Workshop Series: Lawrence Welch

29 October, 2010 - 10:30 to 12:00
Room 430 Joyce Ackroyd Building 37, St Lucia campus

Abstract: Re-internationalisation represents a research challenge for the internationalisation process and international entrepreneurship fields.

Many companies withdraw from international operations, go through an international time-out period and later re-enter the international arena. Little is known about this process, and whether re-internationalisers behave differently from those starting out for the first time. The limited, sketchy evidence is considered and it is argued that some re-internationalisers will go into the reentry process with a significant international heritage from previous activities, including relevant knowledge and networks, enabling faster re-entry and take-off.

However, other firms will have exited in such negative circumstances that international re-entry initially is rejected as an option, and may be slow to respond to new international opportunities. Much depends on what happens during the international time-out period, particularly in terms of changes in management and/or ownership; the nature and strength of new reentry influences; and how the re-entry process unfolds.


Join our staff, students and alumni attending workshops presented by visiting academics on their area of research expertise.

Lawrence Welch

Professor Lawrence S. Welch, Melbourne Business School.

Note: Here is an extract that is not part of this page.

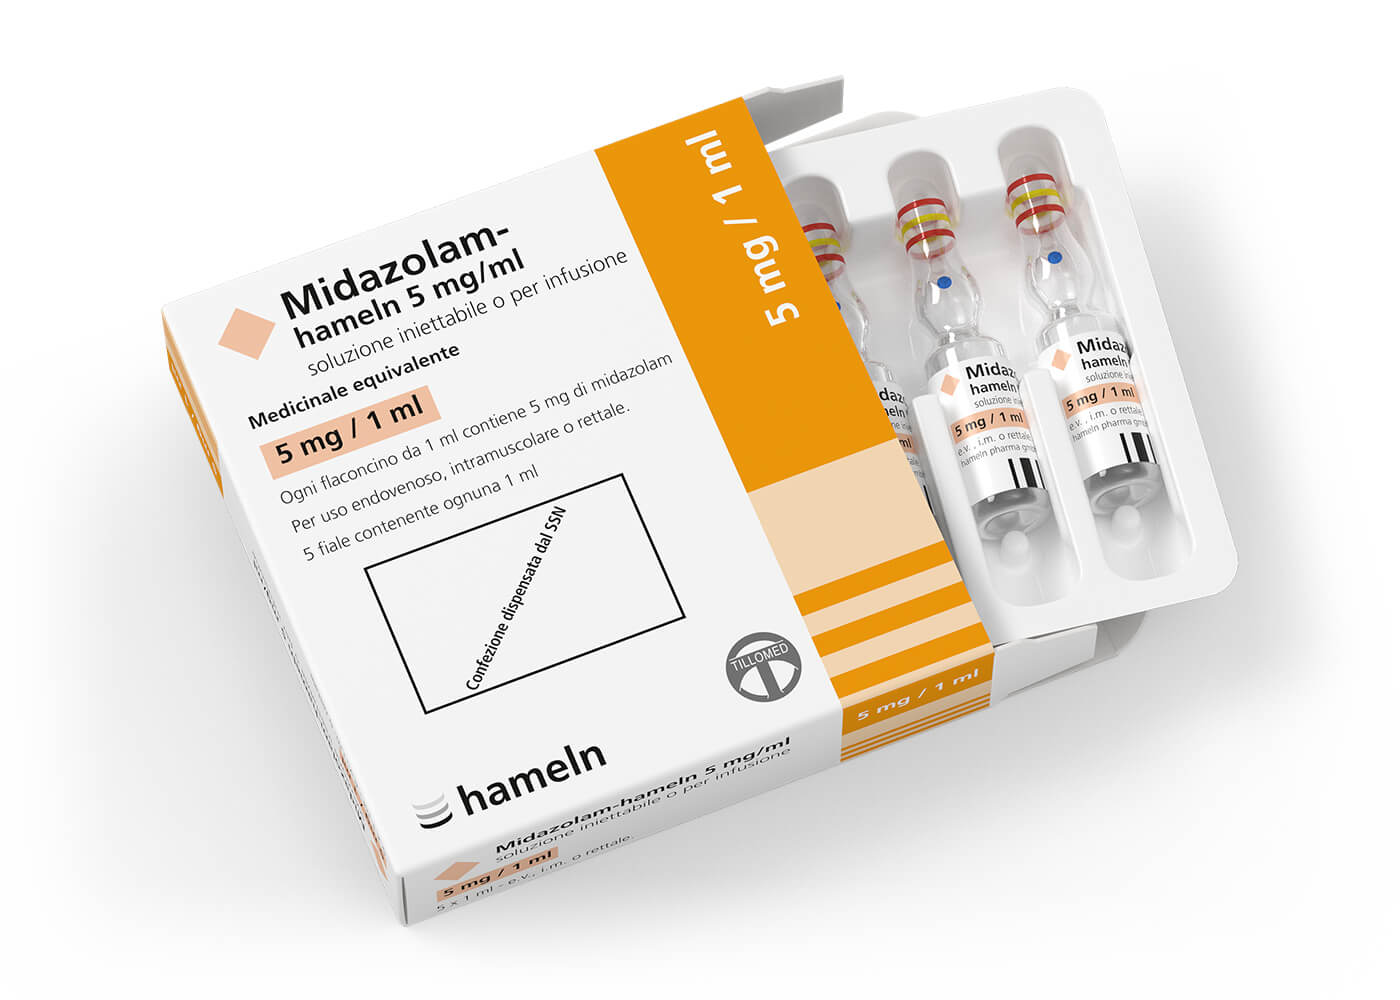 Midazolam_IT_5_mg-ml_in_1_ml_Pack-Amp_5St_2020-25

Professor Welch has published extensively on issues pertaining to internationalisation and international business operation methods in journals such as Management International Review and the Journal of International Business Studies and is a member of the editorial boards of Management International Review, International Business Review and the Journal of International Entrepreneurship. His co-authored book, Foreign Operation Methods: Theory, Analysis, Strategy, was published in 2007 by Edward Elgar. His research has involved extensive collaboration with Nordic colleagues over more than three decades. Also, he has spent long periods undertaking research and teaching in Nordic business schools, particularly at the Norwegian School of Management BI, Helsinki School of Economics (now part of Aalto University) and Copenhagen Business School.